Я думал, что выбрал достаточно уединенный сеанс, но, войдя в зал, с удивлением обнаружил, что есть еще один зритель.
На глаз, его место было рядом с моим, прямо соседнее.
Я тихонько отступил на два шага назад, сел в задний ряд, соблюдая безопасную дистанцию.
Сам фильм был несложным и не особо захватывающим.
Возможно, вступительная музыка оставила у меня предвзятое впечатление.
Белая мышь, пробегающая по лабиринту, еще выглядела довольно ловко, но как только персонажи начинали говорить, неуместная музыка начинала гудеть, заглушая все остальное.

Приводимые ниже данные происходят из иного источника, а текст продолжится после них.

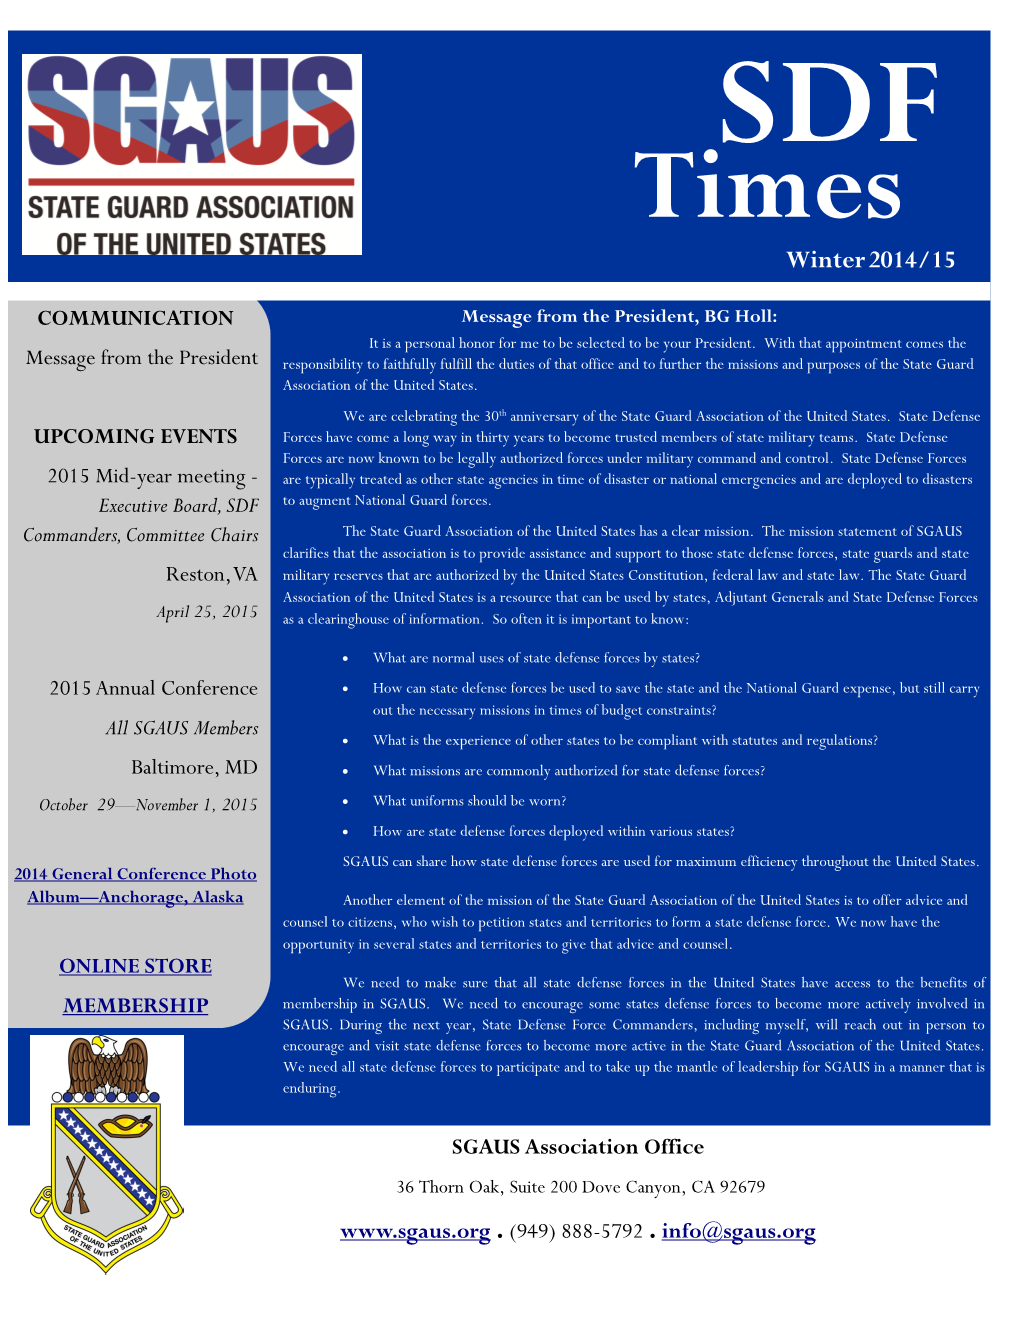 SDF Times Newsletter – Winter 2014

Время быстро прошло, на экране осталась только черная пустота.
Я встал, чтобы уйти, и прямо у выхода столкнулся с тем человеком. Только при свете я разглядел его лицо.
Две густые прямые брови, выдающийся орлиный нос, на подбородке легкая, сексуальная небритость — латиноамериканец.
Он взглянул на меня в ответ, а затем мы разошлись в разные стороны от выхода.
Честно говоря, на короткую секунду мелькнули другие мысли, но тут же исчезли.
Сейчас мне хотелось только поскорее вернуться, принять горячий душ и заснуть под одеялом.
О, Ян Цяньжуй, не из-за него я не флиртовал с другими.
С тех пор, как в тот день я похвастался, сказав, что он может приходить ко мне, если что-то не поймет, он действительно послушно так и делал.
Но каждый раз он приходил с искренними намерениями и кучей вопросов, решал их и уходил, безжалостнее, чем текущая вода.
Я действительно чувствовал, что он воспринимает меня как какого-то домашнего учителя, и платой были не доллары, не юани, а какие-то китайские и западные сладости, которые, по его словам, готовила его тетя.
Мы с Ян Цяньжуем, кажется, застряли в этих отношениях — чисто академическое общение.
Вот и сейчас он пришел с пачкой нот.
Когда я открыл ему дверь, было чуть больше восьми утра.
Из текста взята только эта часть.